What you need to do:
Please return the records below exactly as they stand, with the pictures removed.

Information supplied:
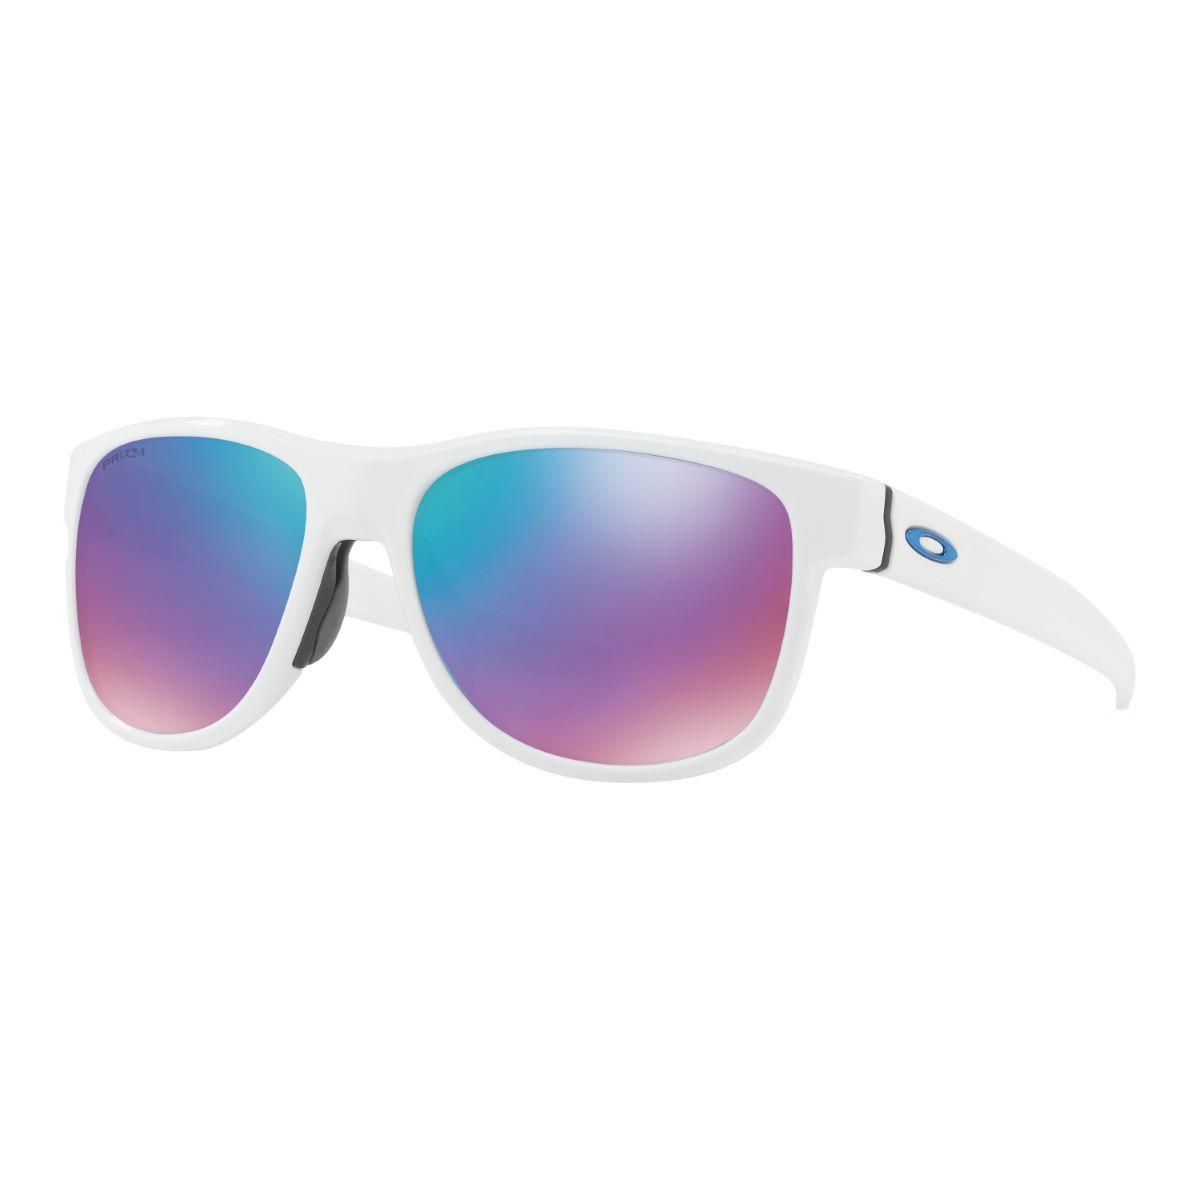 Oakley Crossrange Prizm Snow Sunglasses Sunglasses
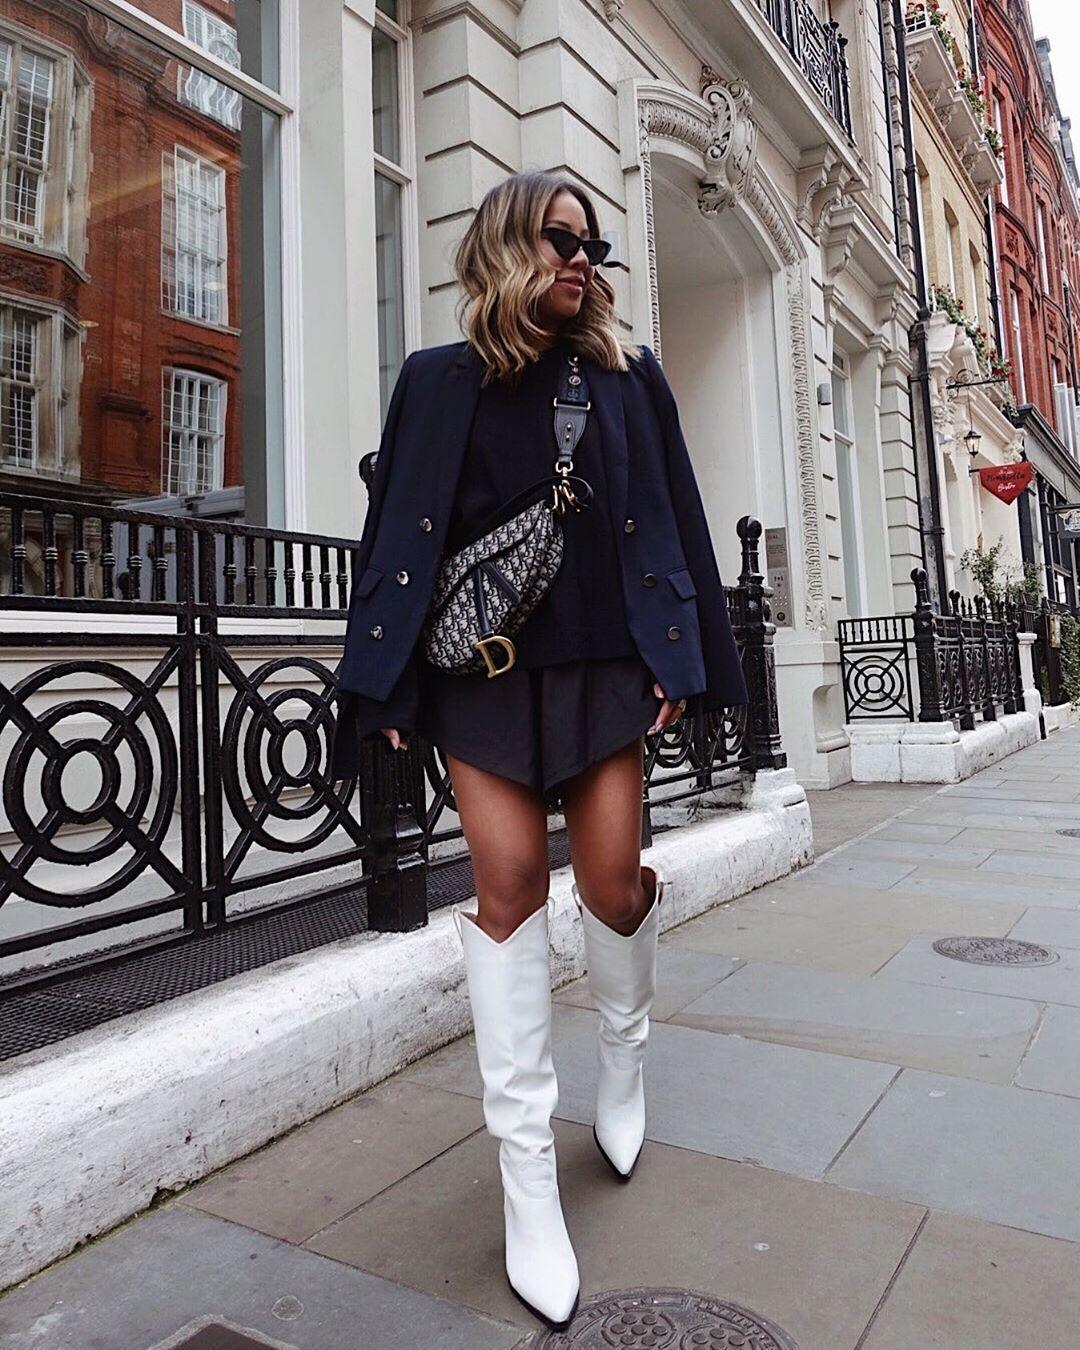 Pin By Maria Jose Mendo Vergara On Womens Fashion White Boots Outfit Fashion Fashion Inspo Outfits [ 1350 x 1080 Pixel ]
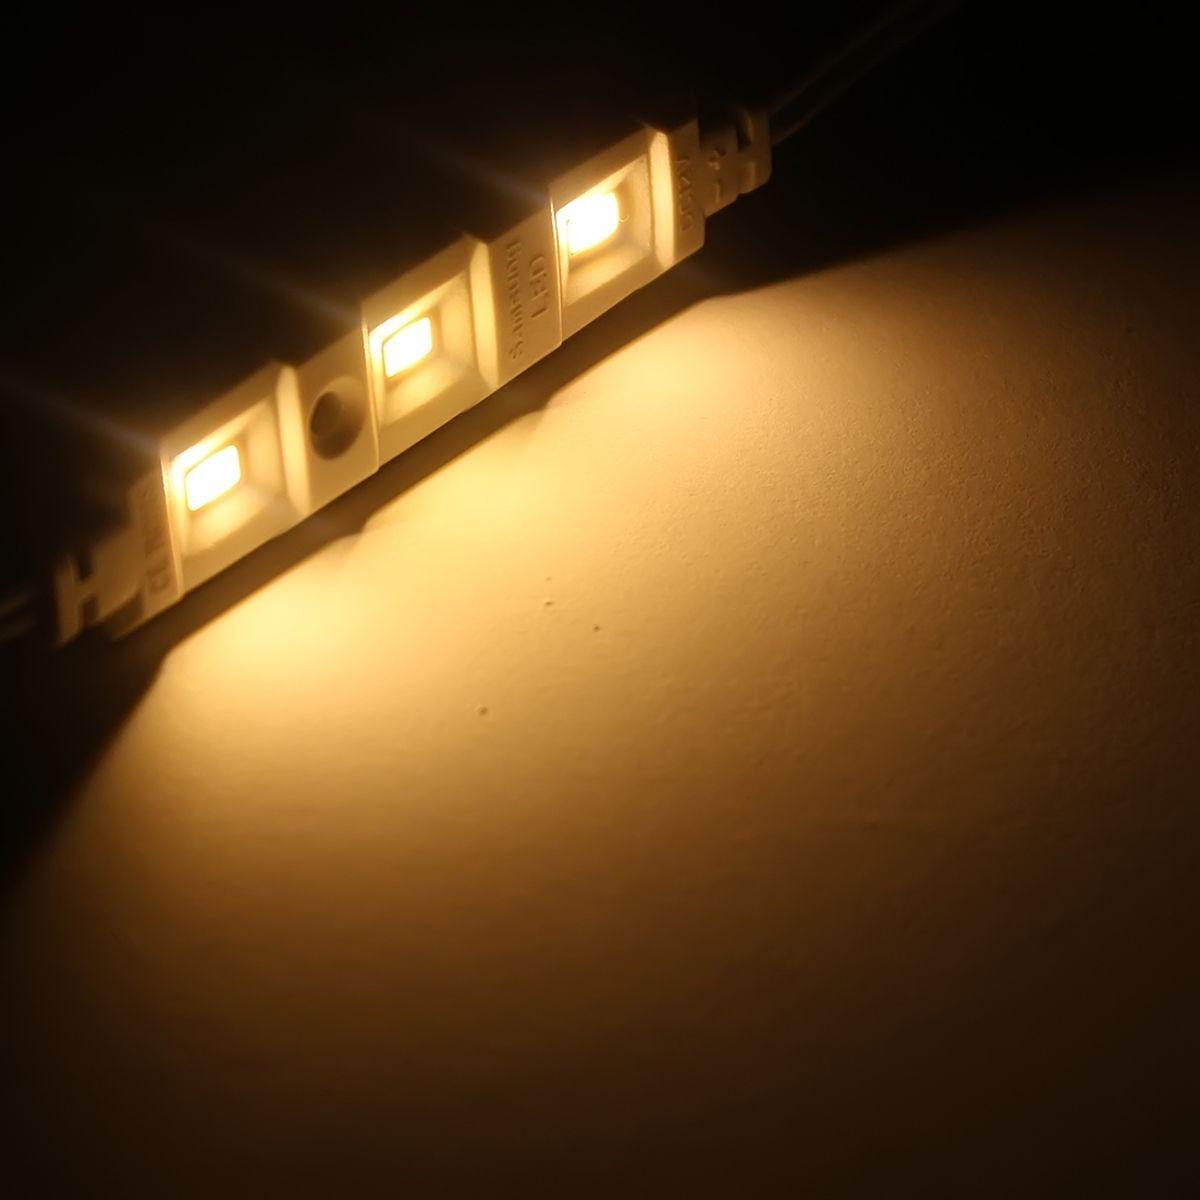 12V wasserfestes LED Modul – warmweiß – IP65
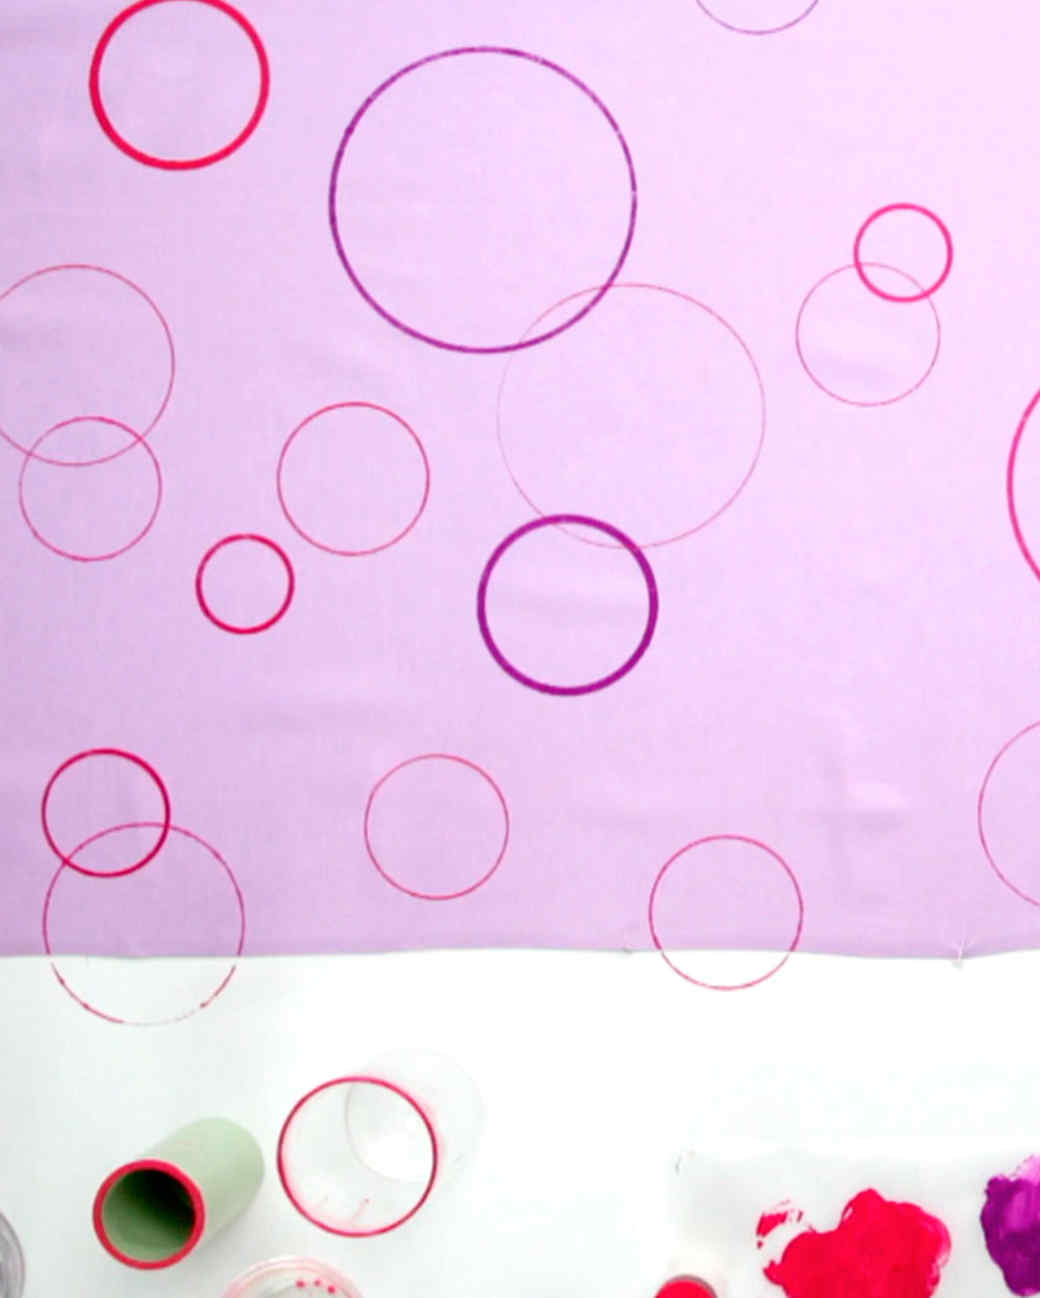 diy-style-erin-furey-diy-foundobjectprinting-craft-5-201508-diy0060.jpg
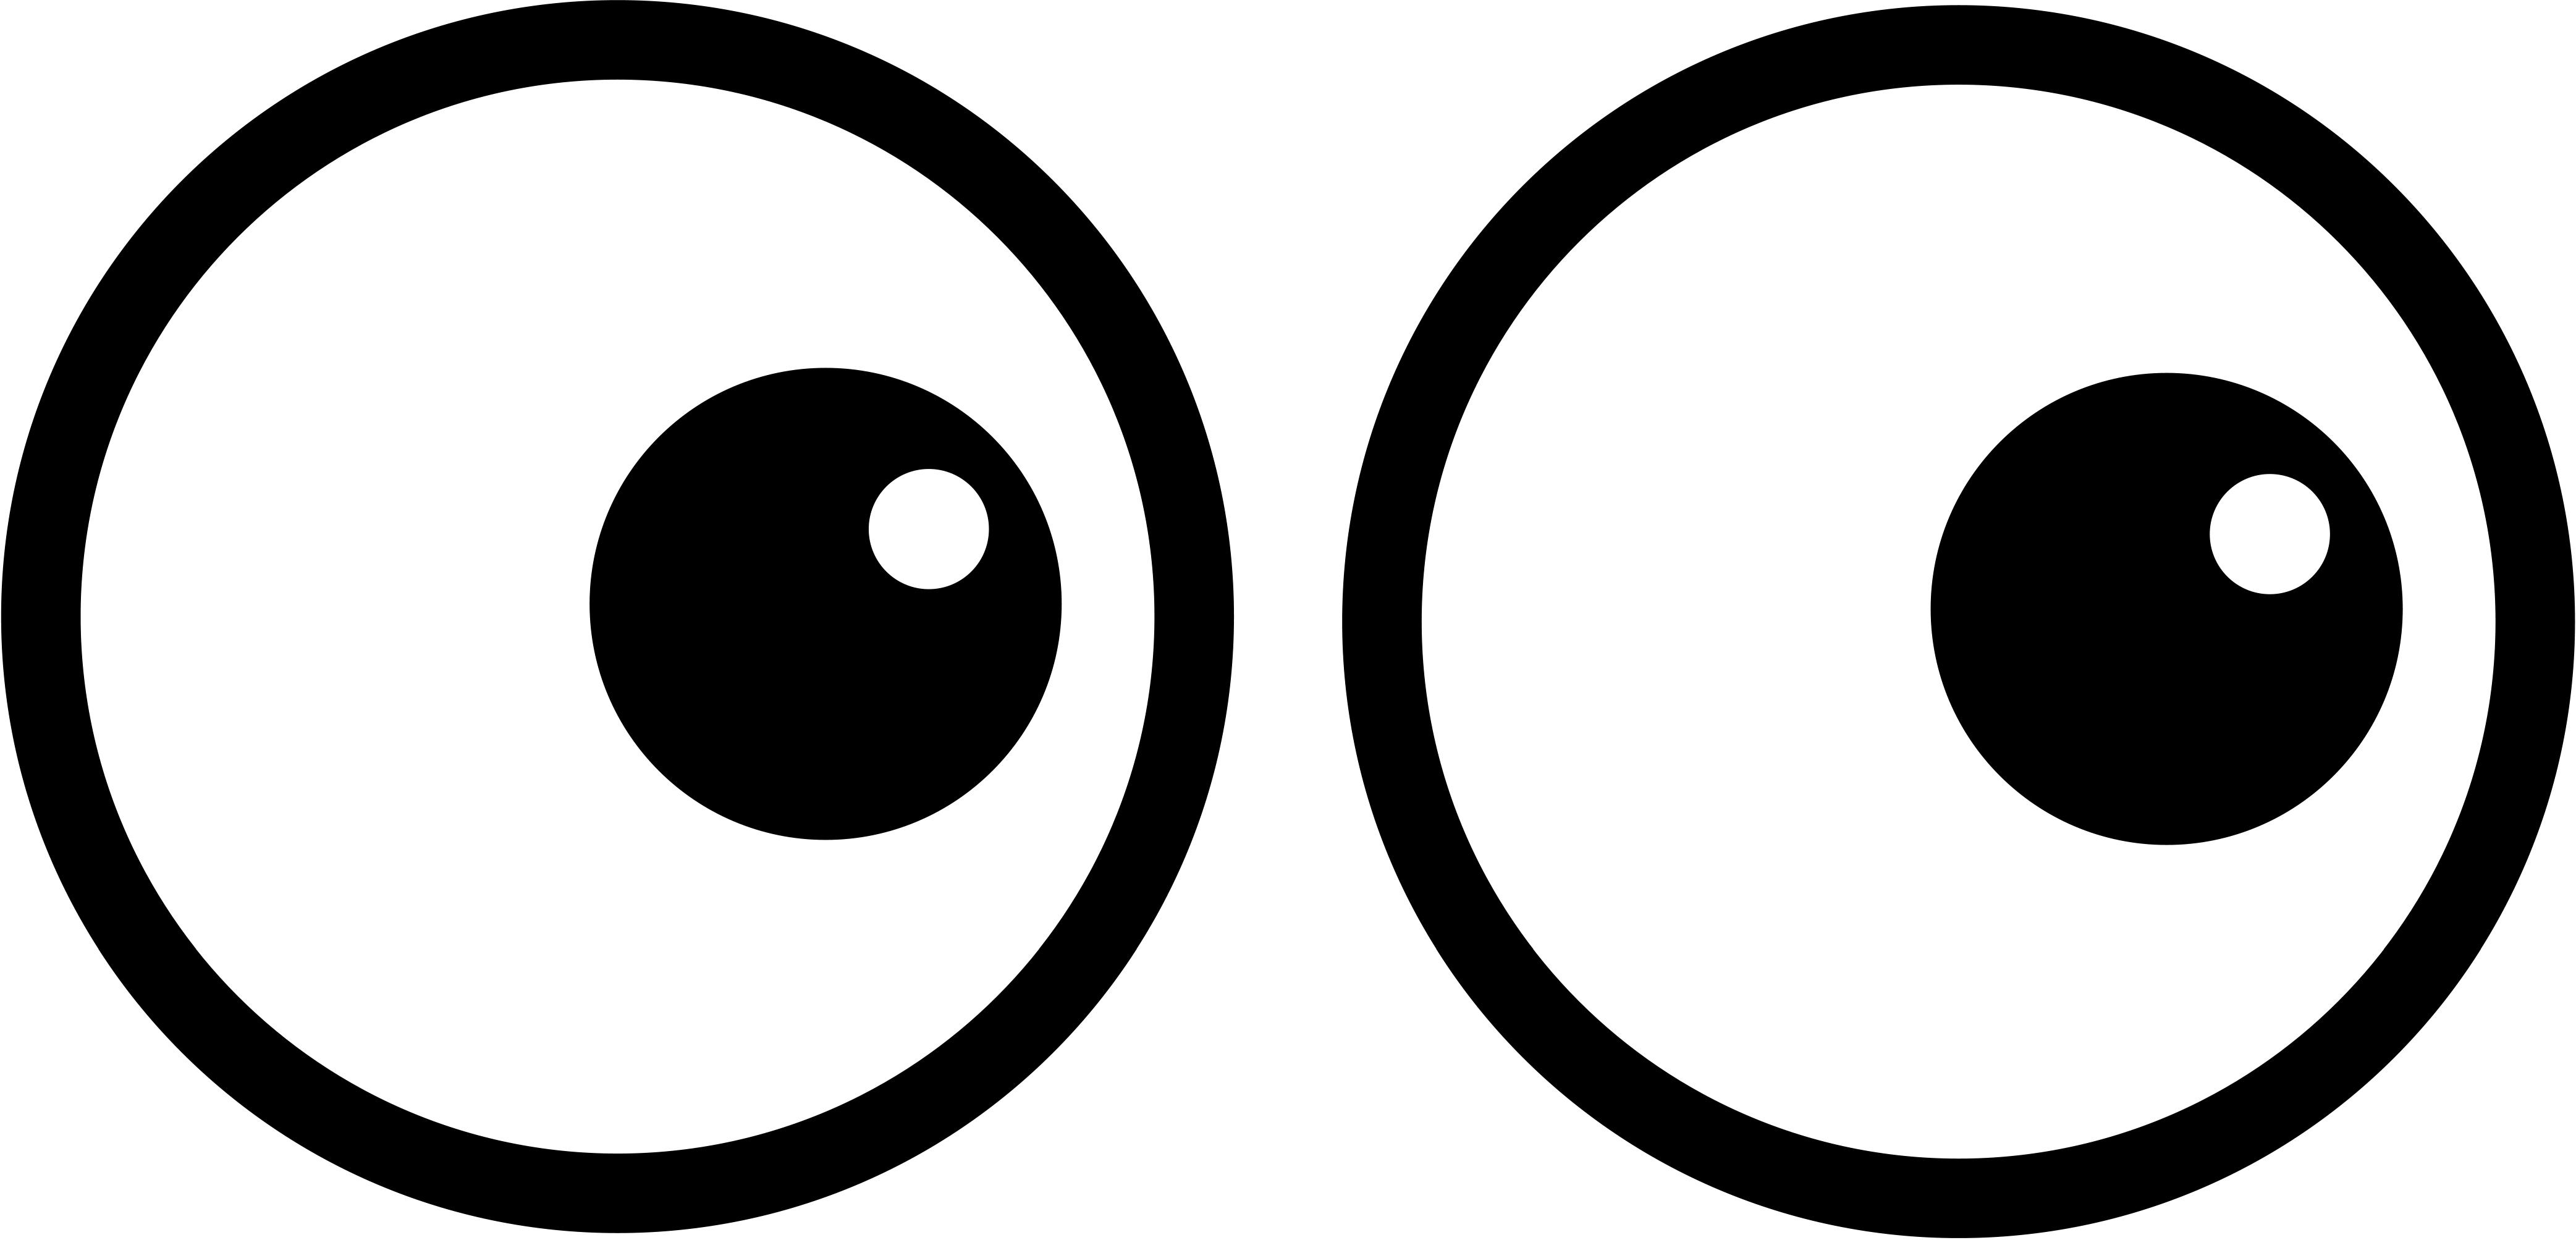 Eyes eye clipart image

Expected answer:
 Oakley Crossrange Prizm Snow Sunglasses Sunglasses
 Pin By Maria Jose Mendo Vergara On Womens Fashion White Boots Outfit Fashion Fashion Inspo Outfits [ 1350 x 1080 Pixel ]
 12V wasserfestes LED Modul – warmweiß – IP65
 diy-style-erin-furey-diy-foundobjectprinting-craft-5-201508-diy0060.jpg
 Eyes eye clipart image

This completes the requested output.